Capture execution observations and adapter coverage
This how-to shows how to collect runtime evidence for a Session operation and how to ask the selected adapter whether it covers plan-inferred or caller-provided requirements.
Use the observed Session methods when you need an auditable execution attempt record. Use check_coverage(...) when a tool, policy, or review step already knows which adapter capability needs to be checked.
Collect with an observation
Use collect_observed(...) when you need materialized data and execution evidence from the same attempt.
from pub::incql import ExecutionObservationStatus, LazyFrame, Session
from models import Order
session = Session.default()
orders: LazyFrame[Order] = session.read_csv("orders", "orders.csv")?
observed = session.collect_observed(orders)
match observed.data:
Some(df) =>
println(df.preview_text())
println(f"rows={df.row_count()}")
None =>
println(observed.observation.diagnostics[0].message)
assert observed.observation.status == ExecutionObservationStatus.Success
The observed result always includes observation. On success, data contains the materialized DataFrame[T]. On failure, data is None and error contains the SessionError.
Validate execution without materializing
Use execute_observed(...) when you want the same execution checkpoint as execute(...) but still need an observation record.

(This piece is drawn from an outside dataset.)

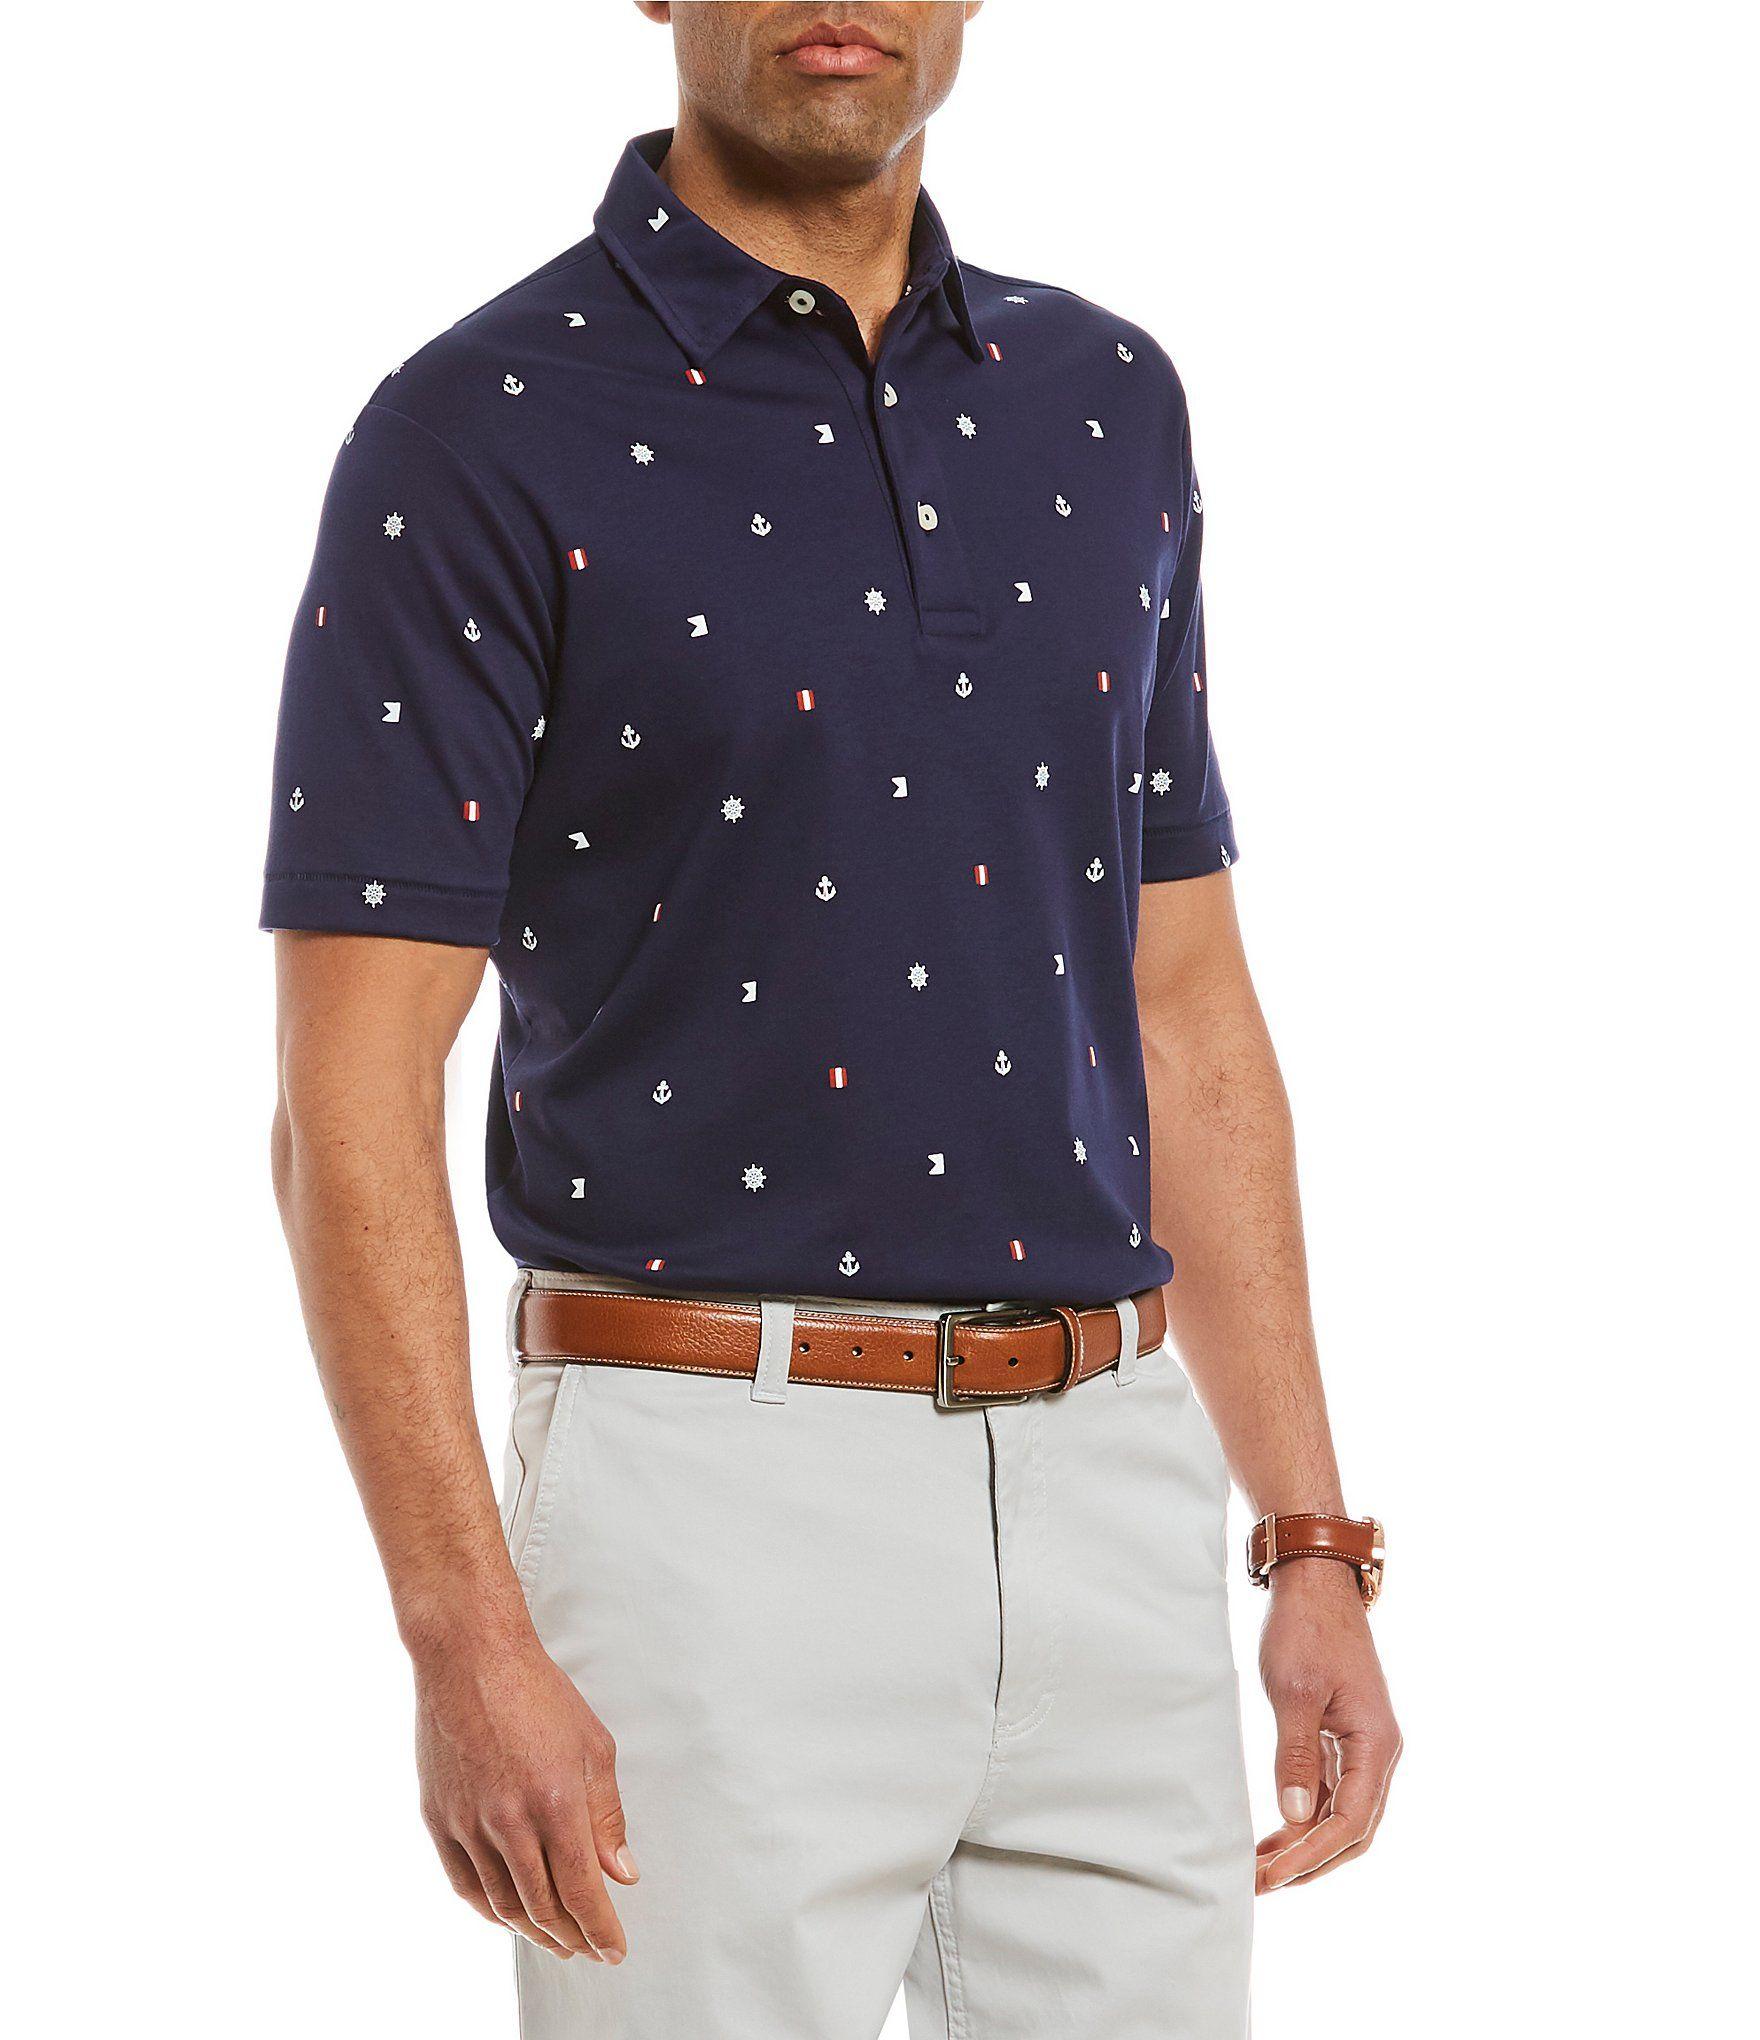 907fbe35 Polo Button Down Shirts Dillards | Top Mode Depot

observed = session.execute_observed(orders)
match observed.error:
Some(err) => println(err.error_message())
None => println(observed.observation.observation_id)
execute_observed(...) returns the deferred LazyFrame[T] on success. It does not invent a row count because it does not materialize local rows.
Write with an observation
Use write_observed(...) when the write itself is the operation you want to audit.

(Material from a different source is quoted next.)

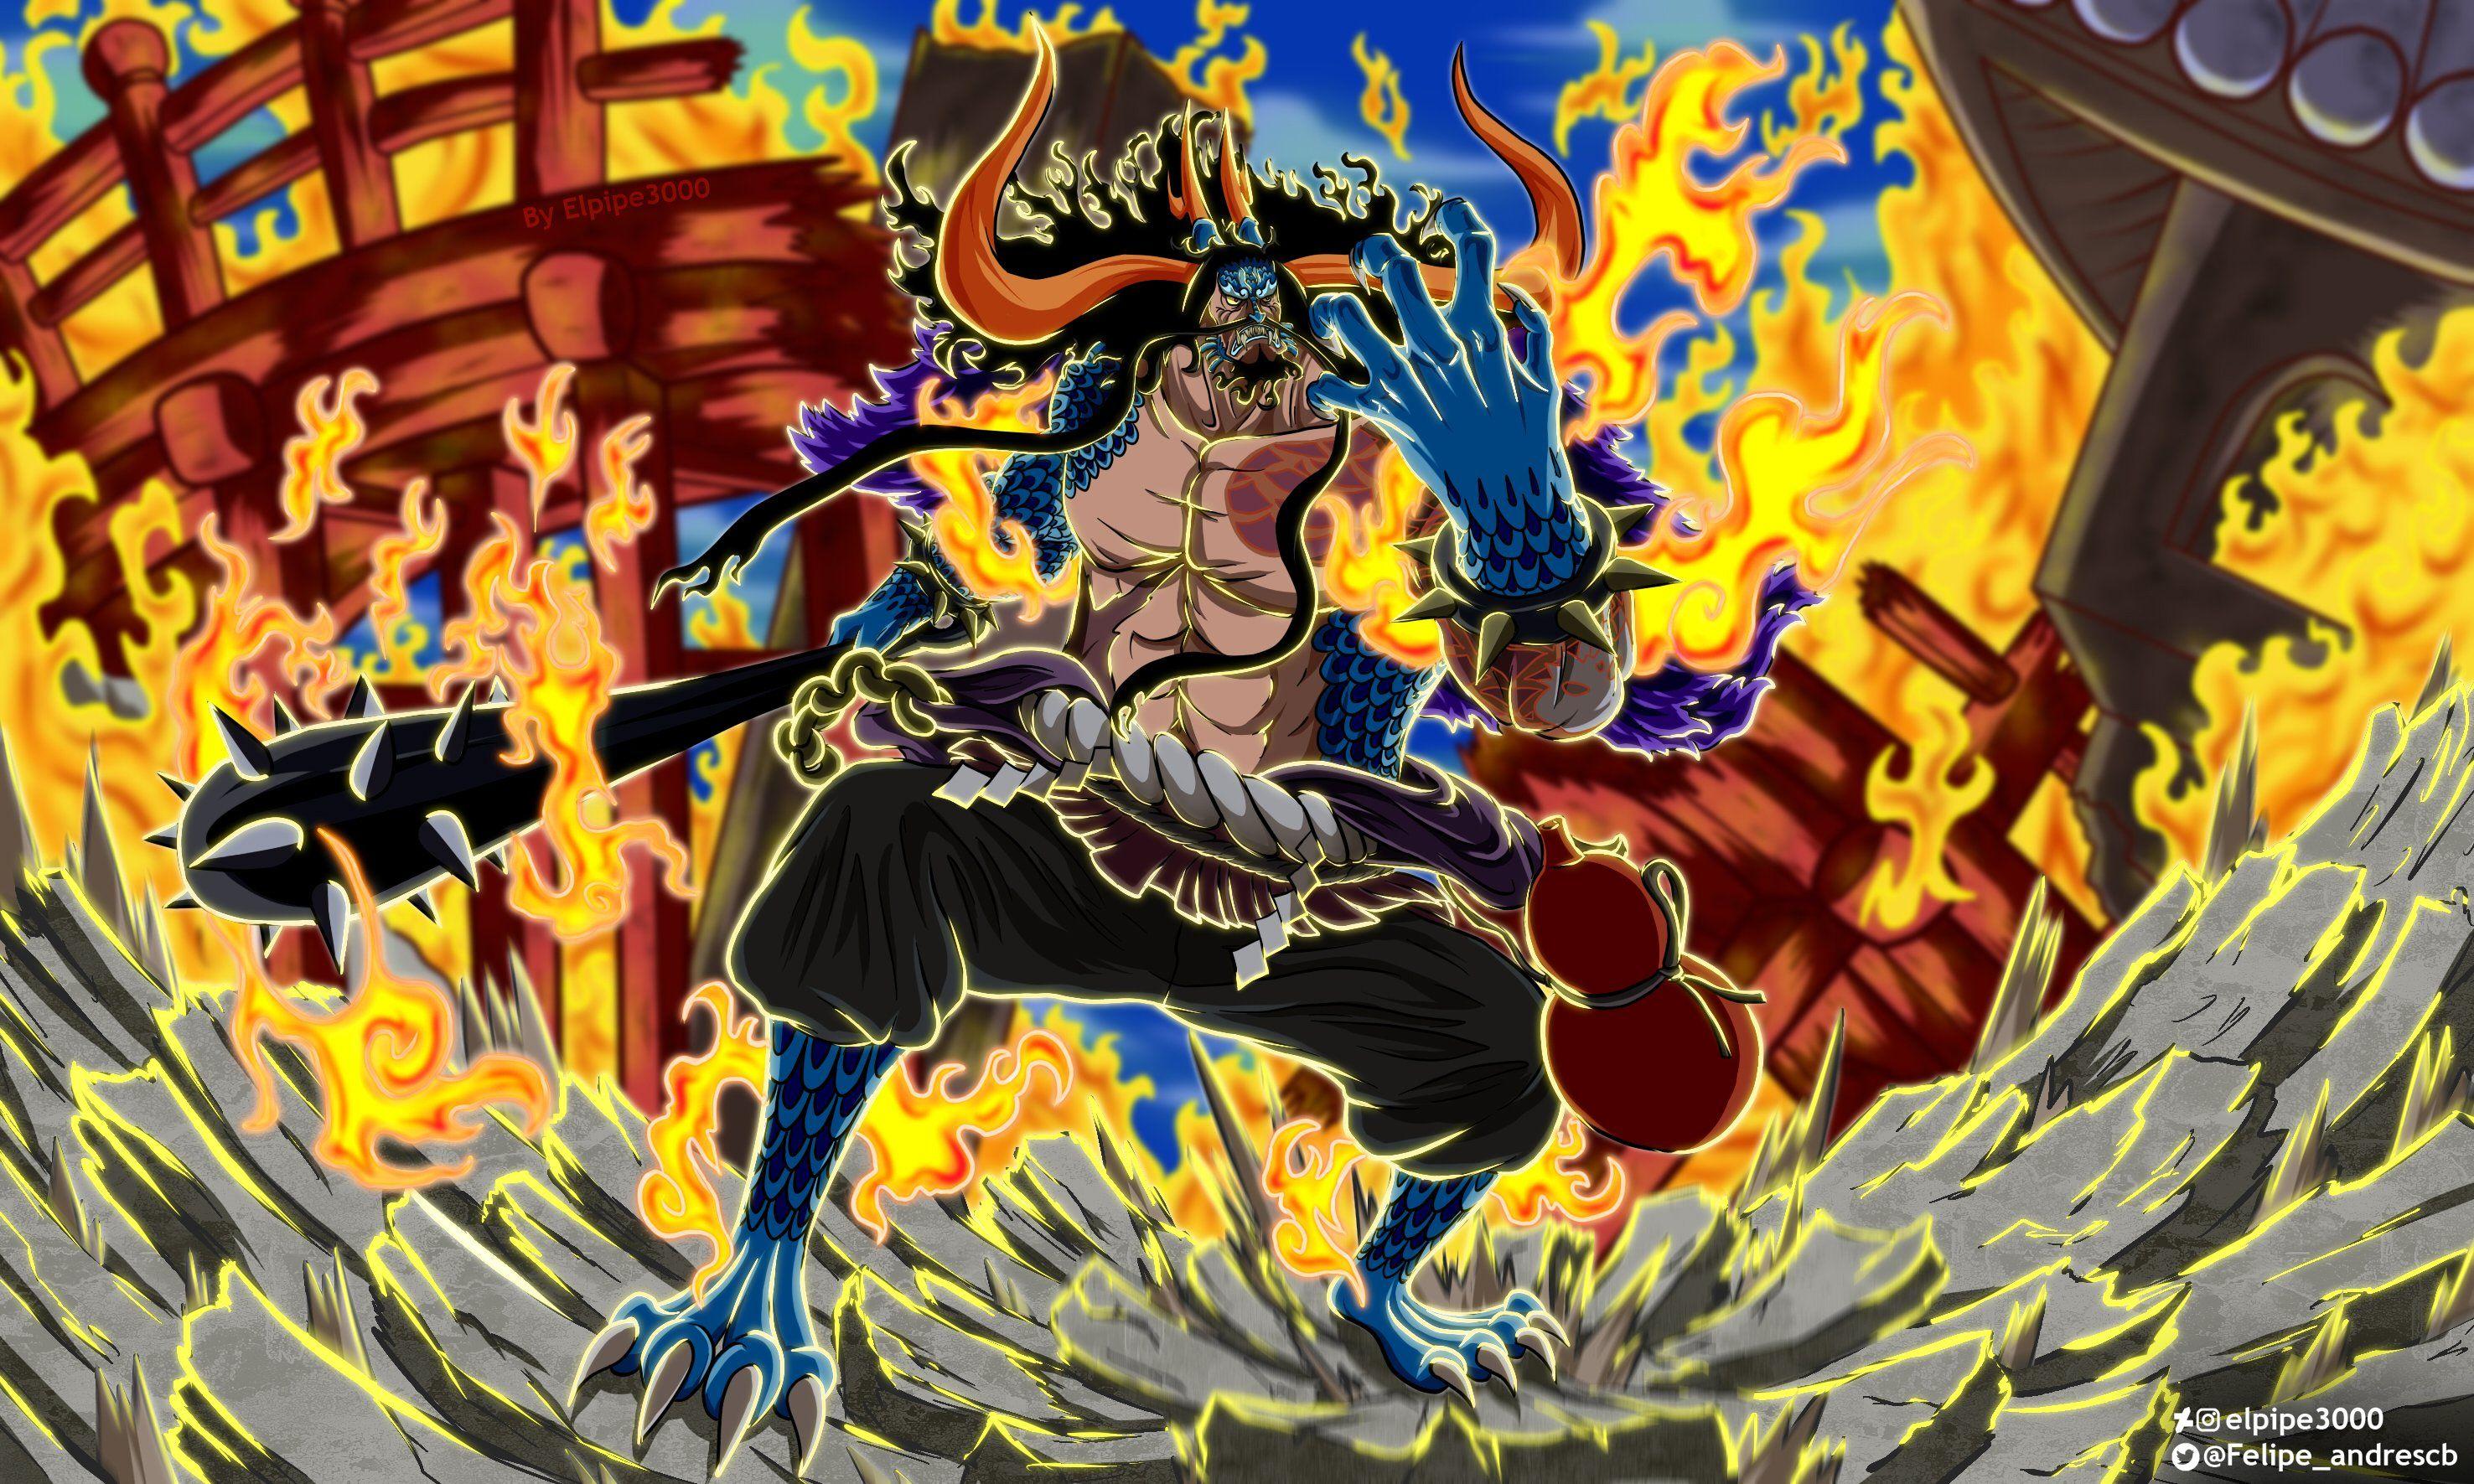 Mode Hybrid Kaido One Piece. Sumber: id.pinterest.com

from pub::incql import csv_sink
write_attempt = session.write_observed(orders, csv_sink("target/orders.csv"))
match write_attempt.error:
Some(err) => println(err.error_message())
None => println(write_attempt.observation.observation_id)
The write result has no data field. The output artifact is the sink side effect; the returned value carries the observation and optional error.
Check inferred adapter requirements
Use check_plan_coverage(...) when you want IncQL to inspect a lazy plan and evaluate the adapter requirements that are visible in that plan evidence.
from pub::incql import AdapterCoverageState
from pub::incql.functions import col, desc, eq
review = orders
.filter(eq(col("status"), "paid"))
.order_by([desc(col("amount"))])
coverage = session.check_plan_coverage(review)
for record in coverage:
match record.state:
AdapterCoverageState.Covered => pass
AdapterCoverageState.PartiallyCovered => println(record.diagnostics[0].message)
AdapterCoverageState.Uncovered => println(record.diagnostics[0].message)
AdapterCoverageState.Unknown => println(record.diagnostics[0].message)
Check explicit adapter requirements
Use check_coverage(...) when the requirement comes from a policy, workflow, or review step rather than directly from the inspected plan shape. Build the requirements that matter, then ask the selected adapter for coverage records.
from pub::incql import (
AdapterCoverageState,
AdapterRequirement,
AdapterRequirementCapability,
AdapterRequirementGuarantee,
)
observed = session.collect_observed(orders)
requirement = AdapterRequirement(
requirement_id="orders-row-filter",
target=observed.observation.plan_target,
capability=AdapterRequirementCapability.RowFilter,
guarantee=AdapterRequirementGuarantee.Required,
reason="filtered order review requires adapter-side row filtering",
evidence_refs=[],
)
coverage = session.check_coverage([requirement])
match coverage[0].state:
AdapterCoverageState.Covered => println("covered")
AdapterCoverageState.PartiallyCovered => println(coverage[0].diagnostics[0].message)
AdapterCoverageState.Uncovered => println(coverage[0].diagnostics[0].message)
AdapterCoverageState.Unknown => println(coverage[0].diagnostics[0].message)
Treat Unknown as non-enforcing. It means IncQL has not classified that adapter capability; it does not mean the adapter has proven support.
Choose the right observed method
- Use
execute_observed(...)for a validation/checkpoint boundary without local materialization. - Use
collect_observed(...)when a localDataFrame[T]and row count are part of the evidence you need. - Use
write_observed(...)when the sink write is the operation being audited. - Use
check_plan_coverage(...)orcheck_inspection_coverage(...)for adapter requirements inferred from local plan evidence. - Use
check_coverage(...)for explicit adapter requirements that come from policy or workflow context outside the plan.
For the complete field and enum reference, see Execution context (Reference).